The decision


IAC-FH-NL-V1

Upper Tribunal
(Immigration and Asylum Chamber) Appeal Number: OA/02661/2014


THE IMMIGRATION ACTS


Heard at Field House
Decision & Reasons Promulgated
On 10 March 2016
On 19 April 2016




Before

Mr H J E LATTER
(DEPUTY UPPER TRIBUNAL JUDGE)

Between

taran chongbang (limbu)
(ANONYMITY DIRECTION not made)

Appellant
and

ENTRY CLEARANCE OFFICER - NEW DELHI

Respondent


Representation:

For the Appellant: Mr H Dieu, Counsel instructed by N.C. Brothers & Co Solicitors
For the Respondent: Ms J Isherwood, Home Office Presenting Officer


DECISION AND REASONS


1. This is an appeal by the appellant against a decision of the First-tier Tribunal (Judge Kainth) dismissing an appeal by the appellant against the respondent's decision dated 20 January 2014 refusing her entry clearance as an adult dependent child of her father and sponsor, a former Ghurkha soldier.

Background

2. The appellant is a citizen of Nepal born on 25 November 1978. She applied for entry clearance on 25 November 2013 but she was not able to meet all the requirements of the rules set out in para EC-DR1.1 of Appendix FM. The respondent was satisfied that the appellant had close family in Nepal to turn to should the need arise and was not satisfied that she required due to age, illness or disability long-term personal care to perform everyday tasks or that she would be adequately maintained, accommodated and cared for in the UK by her sponsor without recourse to public funds. The respondent went on to consider the application under the policy for dependants set out in IDI, chapter 15, s.2(a), 13.2, but found that she was unable to bring herself within its terms. He went on to consider article 8 but found that it was not shown that there was family life within article 8(1) but, if there was, that refusal would be proportionate to a legitimate aim. Following the filing of a notice of appeal the decision was reviewed but maintained and the appeal therefore proceeded to a hearing.

The Hearing before the First-tier Tribunal

3. At the hearing the judge heard oral evidence from the appellant's father and mother, the appellant's brother and her first cousin.

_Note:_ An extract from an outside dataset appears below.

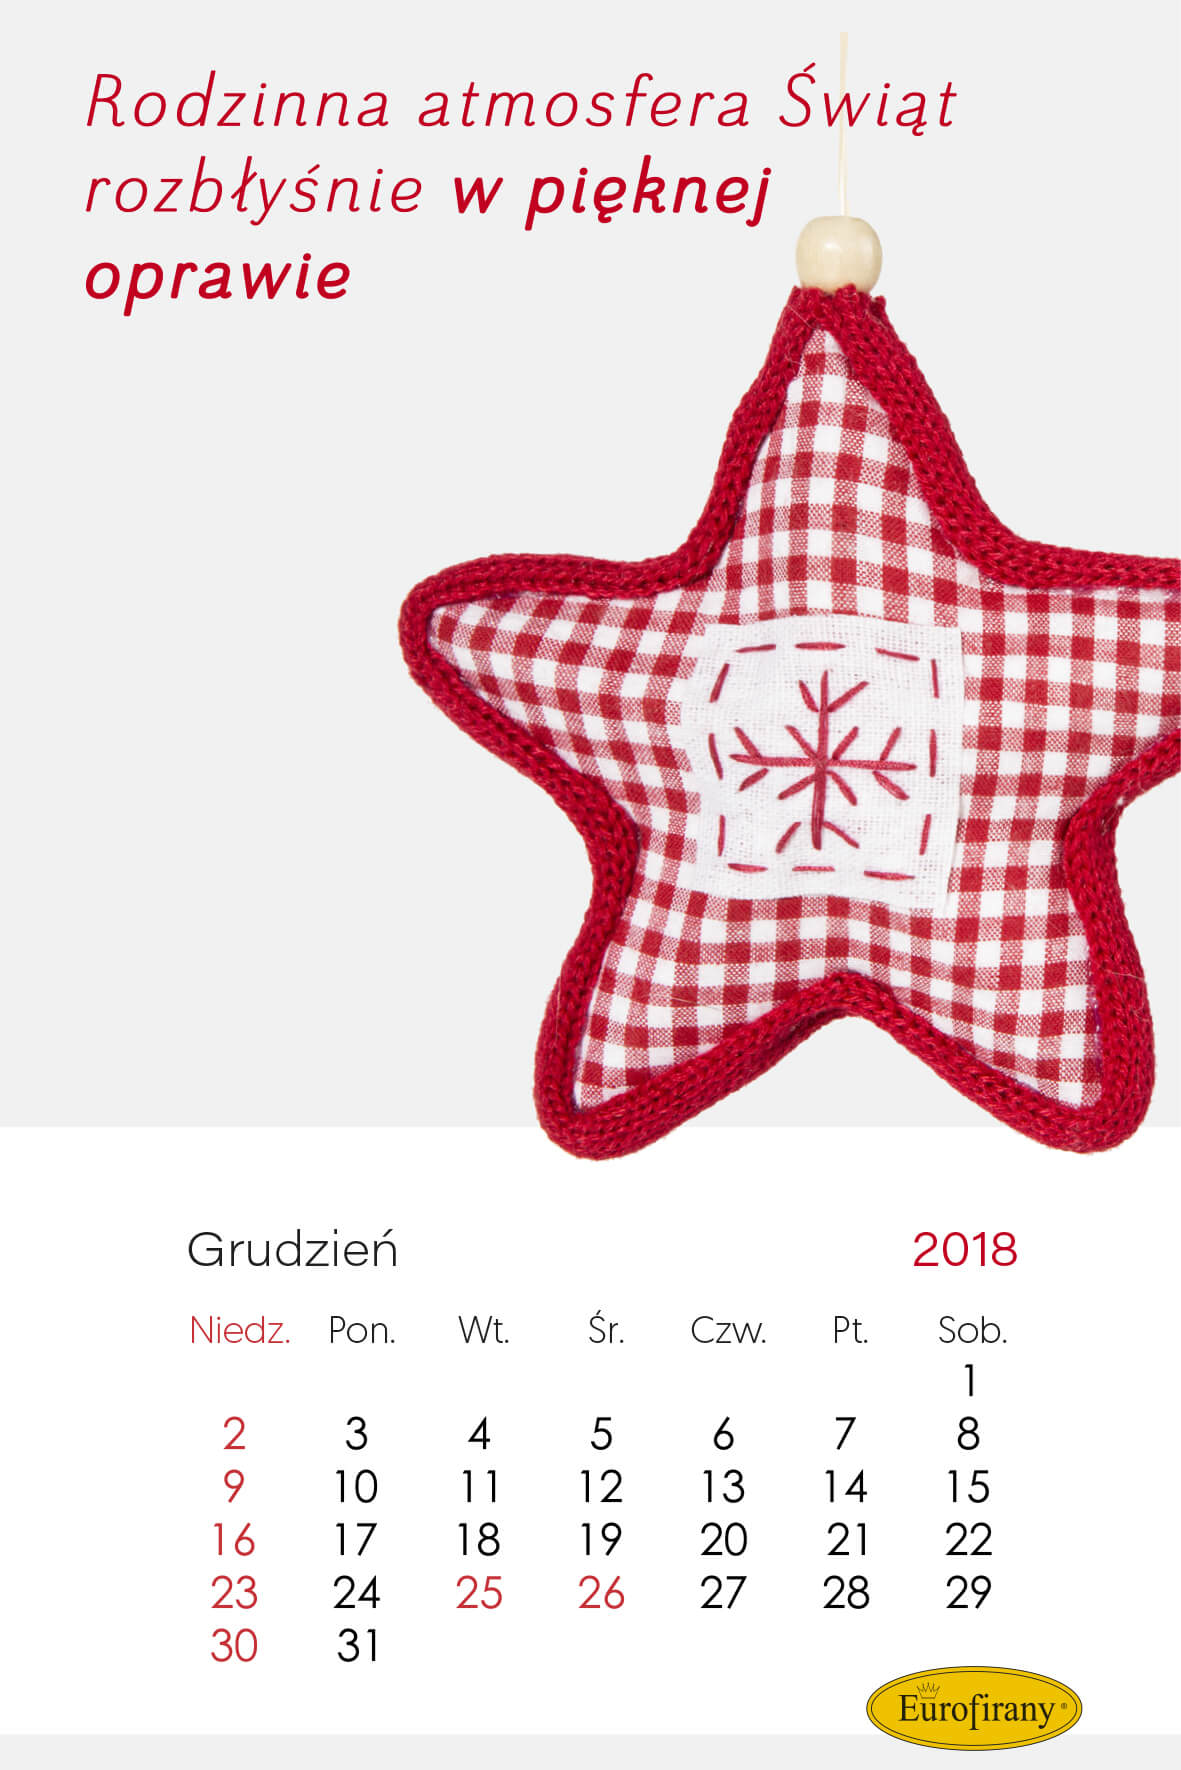 grudzień 2018 eurofirany

It was accepted at the hearing that the only issue for the judge was article 8, the appellant accepting that she could not satisfy the requirements of the immigration rules. The judge reminded himself of the relevant jurisprudence set out in Razgar [2004] UKHL 27 and Huang [2007] UKHL 11 and more specifically in relation to adult family dependants of former Ghurkha soldiers, Gurung v Secretary of State for the Home Department [2013] EWCA Civ 8 and Ghising and Others (Ghurkhas: historic wrong; weight) [2013] UKUT 567. It was argued on behalf of the appellant that the historic injustice she had suffered should be a formidable and weighty factor in the balancing exercise under article 8 [22]. The judge referred to the guidance in AAO v ECO [2011] EWCA Civ 840 that family life would not normally exist between parents and adult children within the meaning of article 8 in the absence of further evidence of dependency which went beyond normal emotional ties and that financial dependency was not in itself sufficient to create a strong bond under article 8. The judge then referred to Ghising that if a Ghurkha could show that, but for the historic injustice, he would have settled in the UK at a time when his dependent (now) adult children would have been able to accompany him as a dependent child under the age of 18, that was a strong reason for holding that it was proportionate to permit the adult child to join the family.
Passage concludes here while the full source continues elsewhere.